During our interesting conversation about price of fish, I noticed someone again hanging around the Audi; It was the wife of that bloke, she was stroking my car! I mean properly gliding her hand all over the boot lid repeatedly! (this explain the marks when the dew would settle on the car each morning!) What the hell is that about? I still say hi to them but its a little awkward if you know what I mean....
Thanks for looking:wave:


----------



## mattchubb1 (Jun 29, 2007)

great looking results and such a lot of car! must have taken a lot of work to get it all done


----------



## Fursecul (Sep 12, 2006)

Awesome work :thumb:


----------



## Phil H (May 14, 2006)

very impressive work!


----------



## ZrS (May 27, 2007)

Very cool, the little yellow Duck ! 

Great turnaround of interior, exterior and engine compartment !


----------



## nsanity (May 7, 2007)

Lol @ the neighbours wife 'stroking' your car 

Excellent turnaround there mate


----------



## dhracer (Apr 28, 2006)

what's the duck  :lol: 

nice turnaround :thumb:


----------



## Ska (Jan 11, 2007)

dhracer said:


> what's the duck  :lol:
> 
> nice turnaround :thumb:


The Duck is the softest nail brush I could find to do the leather. + its really easy to get hold of its head work the gliptone in

Thanks guys for your appreciation it did take a while (I forget how many hours in total) but at least now its easier keep clean:thumb:


----------



## zcomputer5 (Aug 31, 2007)

Hi, I am looking to fully detail my car over say a time period of 2 weeks, just in the evenings however how do you go from one day to the next without getting it dirty? Do you wash the car every day before you start or something?


----------



## GlynRS2 (Jan 21, 2006)

That is a very impressive detailed detail. Paying attention to all the little things makes such a difference. It must have been a lot of effort on a car as big as that, but well worth it. The results are fantastic :thumb:

I like your duck nail brush


----------



## GAZA62 (Jan 23, 2007)

Top job :thumb:


----------



## Multipla Mick (Feb 5, 2006)

Excellent results all round there, it looks stunning :thumb: That woman is most odd though...:doublesho


----------



## Wash'n'Go (Mar 13, 2007)

Excellent work must have taken hrs or should I say days to do that detail, well worth it though looks brand new. :thumb:


----------



## ahaydock (Jan 4, 2007)

Excellent job and superb finish - like that last shot!


----------



## quichmen (Aug 22, 2007)

Very nice job as i like.


----------



## V8burble (Jul 3, 2007)

Now that's a thorough job, especially in the wheel wells. Great to see a D2 looked after and looking stunning I might add. I know what you mean about big though, it takes me an age to keep mine looking tidy too. 

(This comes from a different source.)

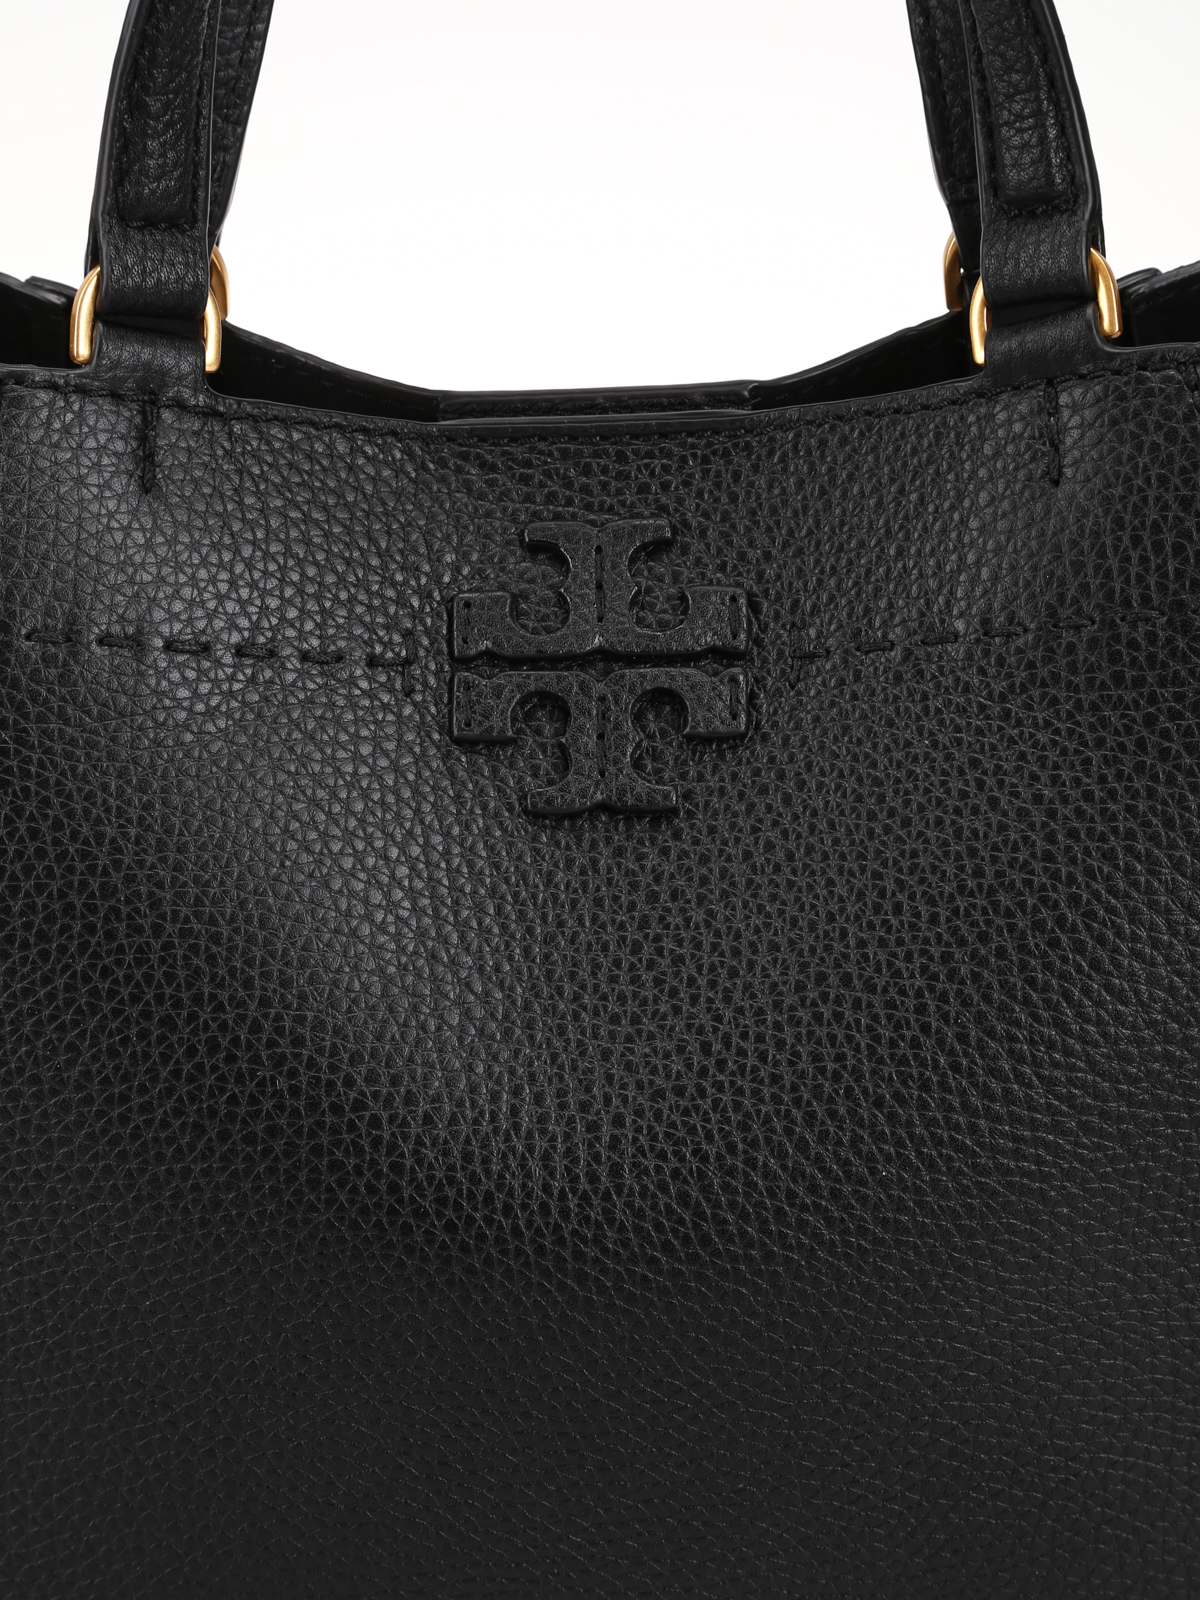 tory burch black leather tote bag

Top marks from me for sure :thumb: :buffer: :doublesho


----------



## quichmen (Aug 22, 2007)

*little question about your engine*

Can you tell me more about the way you clean your engine because i would like to do the same job on my A3.

Which product did you use?

thanks in advance.


----------



## P.M.V.Gavin (Feb 21, 2007)

im loving every bit and the duck 
lol excellent


----------



## Ska (Jan 11, 2007)

quichmen said:


> Can you tell me more about the way you clean your engine because i would like to do the same job on my A3.
> 
> Which product did you use?
> 
> thanks in advance.


I removed as many of the plastic covers as I could; IIRC 7 in total and also the air box cover and ducting to the throttle body (these were cleaned off the car with AG machine cleaner and dressed with CD2- smells nice and lasts for months). I then Cleaned metalic components with a medium/stiff paint brush agetating the AG Engine & Machine Cleaner and Megs APC (Ratio 4:1) for everywhere else e.g painted areas. I left the APC and AG machine cleaner for a few mins but not allowing it to dry, Sound proofing was vacuumed and under bonnet cleaned using Megs APC. I hosed down upper areas and jet washed (low pressure) the lower parts of the engine including the removal of the sound baffle from undrneath. Hope that helps and Good luck:thumb: 
Radiator/condenser and Gearbox oil cooler cleaned with AG Engine and
machine cleaner rinsed and dressed with AG V&RC. Engine Covers and Trim
dressed with CD2 Engine detailing ( I think discontinued at Halfrauds) or AG V&RC. Rubber seals and hoses dressed with silicon.
I forgot to mention any electrical connections were given a quick spray with WD40 before hand to repelle the water; didn't really need to bag or tape things up overly.


----------



## Ska (Jan 11, 2007)

V8burble said:


> Now that's a thorough job, especially in the wheel wells. Great to see a D2 looked after and looking stunning I might add. I know what you mean about big though, it takes me an age to keep mine looking tidy too.
> 
> Top marks from me for sure :thumb: :buffer: :doublesho


Thanks I can hardly remember how long it took but thats OK the Mrs keeps reminding me of how much time I spent on the car as opposed to her According to her I was up at 6am for the polishing stage and finished at around 7pm with only the Klasse AOI on there for some sort of protection.
But all this work means that a general weekly was takes just 40 odd minutes if I reallly only want to spend that long on it


----------



## paddy328 (Mar 4, 2007)

You did a very good job there mate. The engine bay came out really nice. I love the duck brush. lol


----------



## Baker21 (Aug 7, 2007)

That's a lot of effort gone into that mate.....especially removing the carpet trims.....car looks in cracking condition for the mileage...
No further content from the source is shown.